A food faddist and something of a mystic, Smith slept with his head facing north to keep the mind sharp, while prescribing red wine for most nervous disorders. The very idea of retirement appalled him; he insisted that humans could easily reach one hundred years with the proper mental attitude and medical care. Asked for the secret of his longevity, Smith, who would live to ninety-nine, was typically brief. “Work and keep out of the easy chair,” he said. Anything else? Well, yes, Smith replied with his usual foresight. “Don’t eat too much meat.”
7
THE BELLEVUE AMBULANCE
Read today, a century and a half later, Sanitary Conditions of the City remains a medical tour de force. Combining a researcher’s thirst for data with a moralist’s sense of outrage, it stressed the primacy of public health in the nation’s emerging urban-industrial order. Having written much of the document, as well as the legislation that followed, Stephen Smith had expected New York to become the model for other cities. And that meant finding dedicated professionals to move the agenda forward—much like the young doctors who had done the vital legwork for his survey. Among the top positions to be filled was that of sanitary superintendent, the one formerly used by Tammany to sprinkle patronage among its troops. Smith had a candidate in mind, a former Bellevue intern named Edward Dalton. It would prove an inspired choice—if not in the way that Smith, or anyone else at the time, could have imagined.

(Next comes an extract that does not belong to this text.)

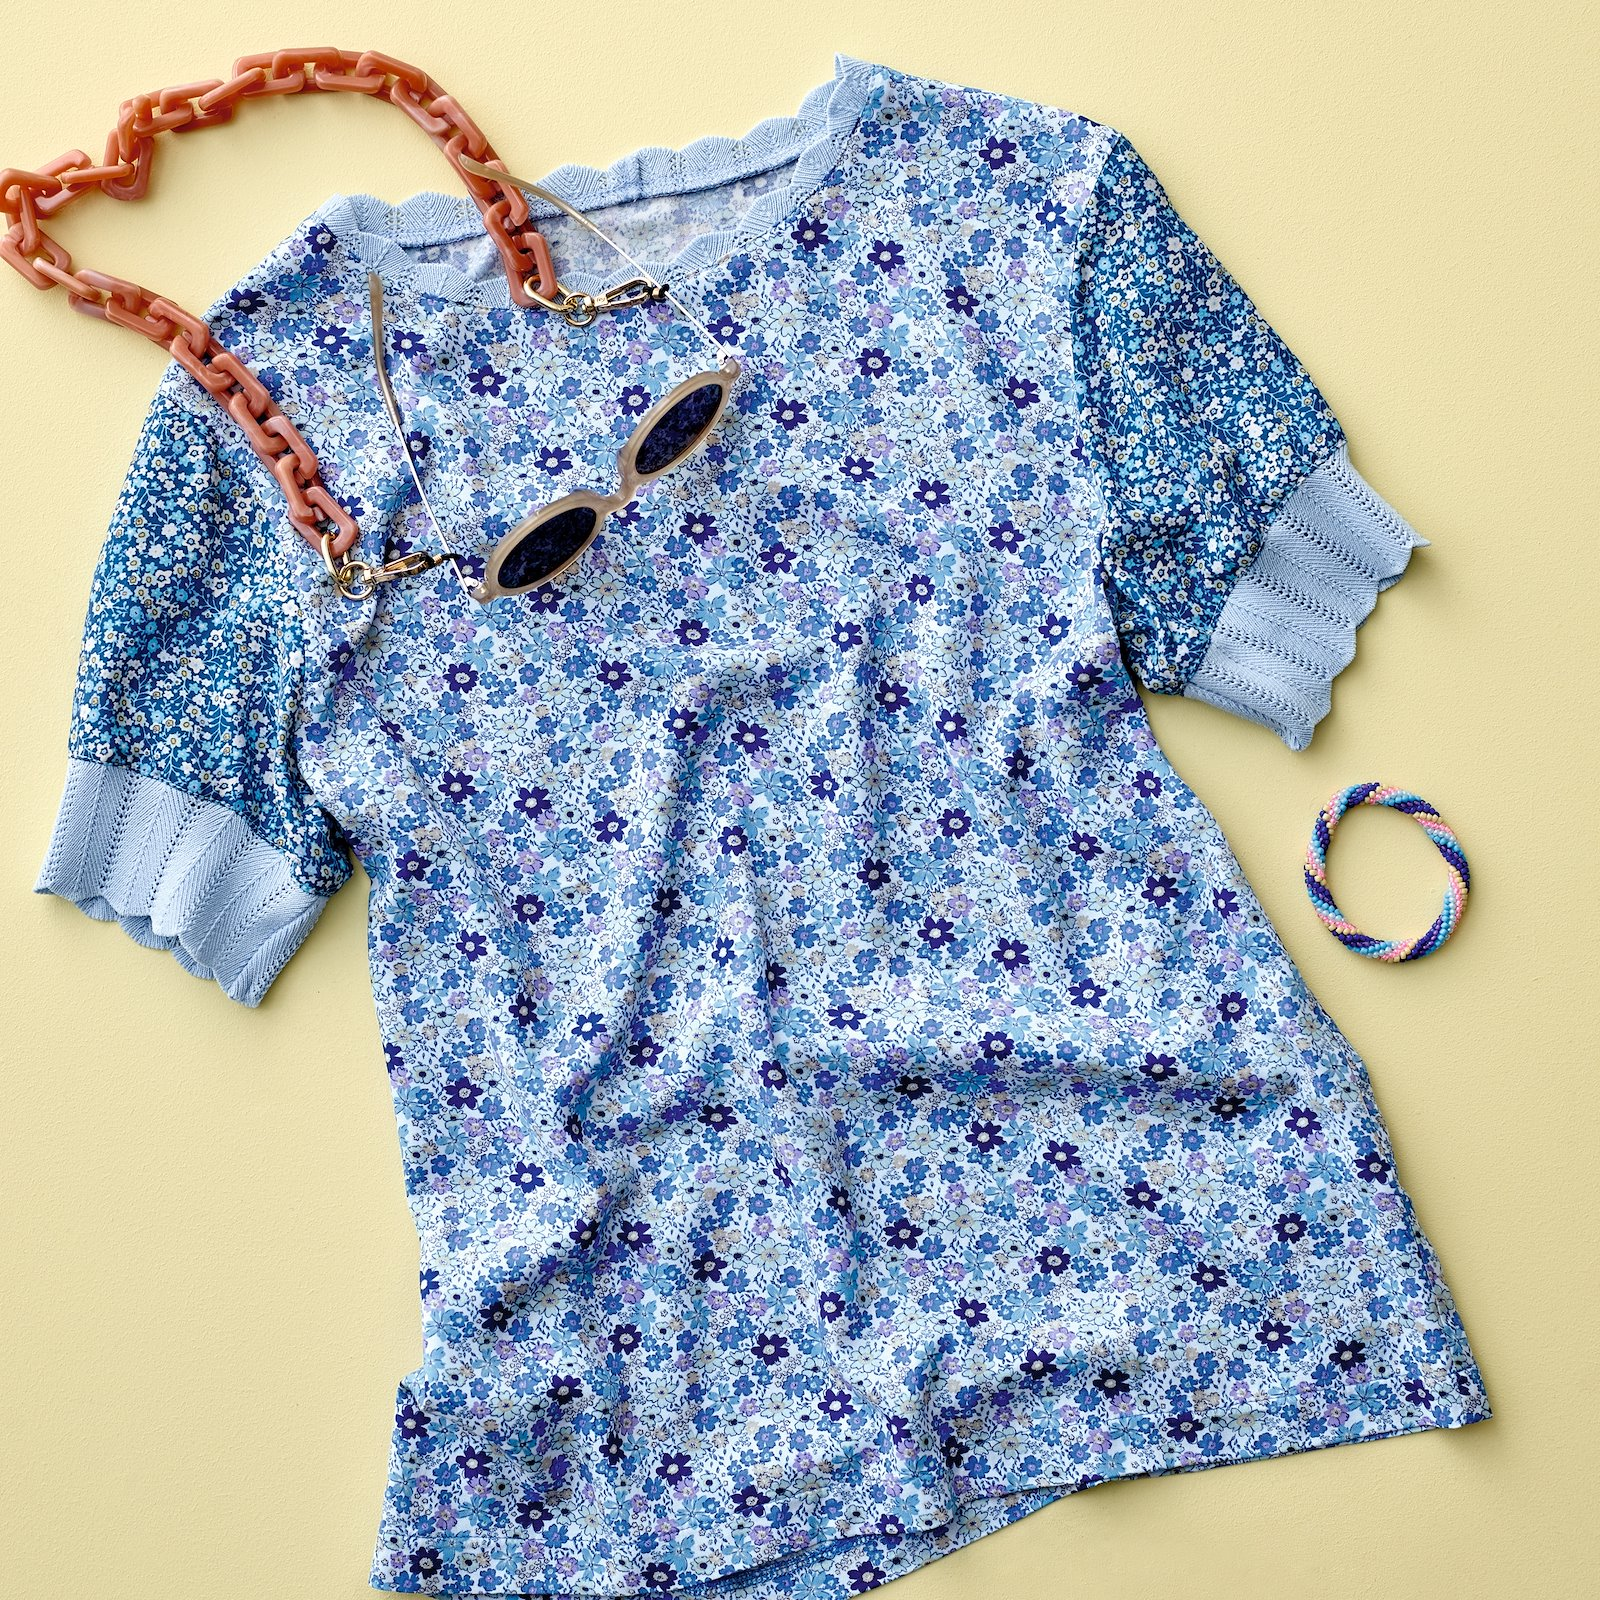 Rib knitted 6x55cm light blue 1pc p22061_710638_710639_96136_46303_bundle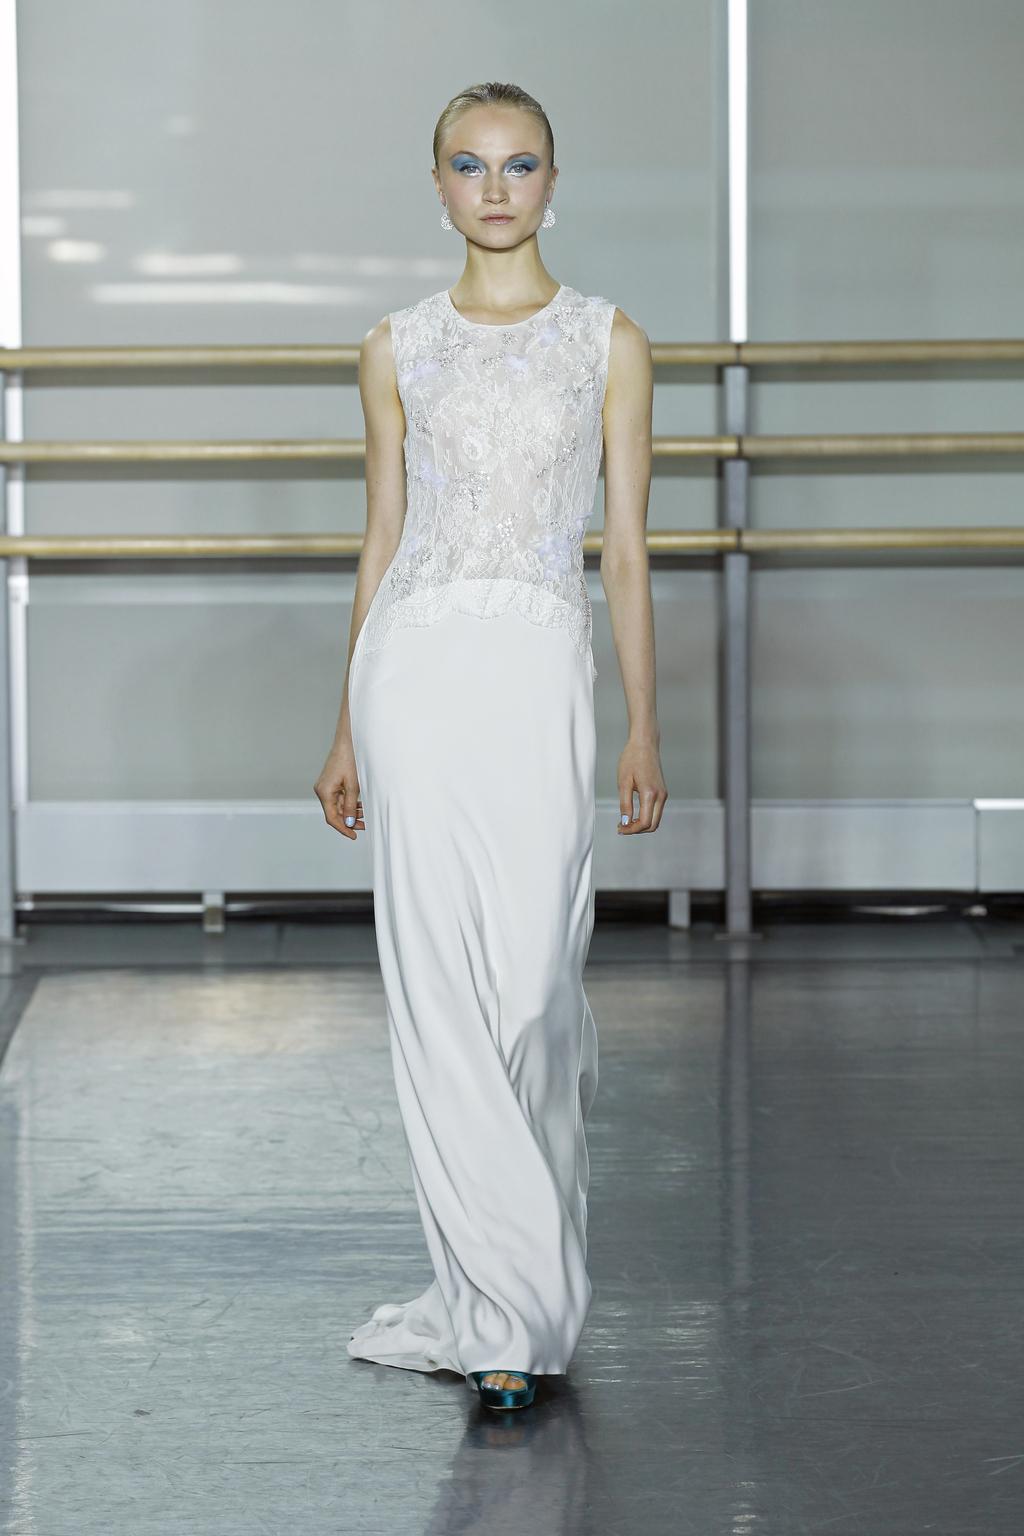 Rivini-wedding-dress-fall-2013-bridal-gown-natalya.full

Born in Lowell, Massachusetts, in 1834, the son and grandson of physicians, Dalton graduated from Harvard, and then the College of Physicians and Surgeons, before winning a Bellevue internship, where he worked under the formidable trio of Drs. Smith, Frank Hamilton, and Valentine Mott. Small in stature, with thick spectacles and boyish features, he gave “the appearance of extreme delicacy,” his brother recalled, and suffered constantly from illness and disease. When war came in 1861, however, Dalton did what was expected of him, joining the Union Army as a regimental surgeon.
His first tou
r ended quickly. Attached to a New York unit during General McClellan’s failed assault on Richmond, Dalton fell victim to “the unwholesome exhalations of the Chickahominy swamps”—a likely reference to malaria. But he did return to the war in time for the savage fighting at Antietam, where his talent for medical administration caught the eye of those in command. Put in charge of several field hospitals, Dalton wound up supervising “the removal and care of the sick and wounded” in General Ulysses S. Grant’s Army of the Potomac during the final push toward Appomattox. The numbers were astonishing: Dalton’s largest hospital on the James River, an encampment of 1,200 tents spread over two hundred acres, treated close to seventy thousand soldiers enduring battle wounds, dysentery, pneumonia, and other maladies. Never “in the history of the war,” wrote William Howell Reed in his magisterial account of the Union Medical Corps, had anybody run “the complicated machinery of hospital administration…to such perfection.”
And no part of that machinery needed more oiling than battlefield evacuation. The North had entered the Civil War without an ambulance corps because no one believed the conflict would last long enough to justify the expense. This oversight proved catastrophic. For a time, the job of gathering the wounded fell to the lowest elements of the regiment—cooks, drummer boys, and those deemed unfit for combat—using carts, wheelbarrows, anything that moved. In 1862, Surgeon General Hammond had begged the War Department to act, citing “the frightful state of disorder [in] removing the [fallen] from the field.” Having seen the disaster at Bull Run, where hundreds had died of thirst, shock, and exposure, lying untended for days, Hammond convinced General McClellan to form an ambulance corps. Used first at Antietam, it was in full swing by Gettysburg, where close to a thousand horse-drawn wagons, known as “gut-busters” for their painfully rough ride, were on duty round-the-clock.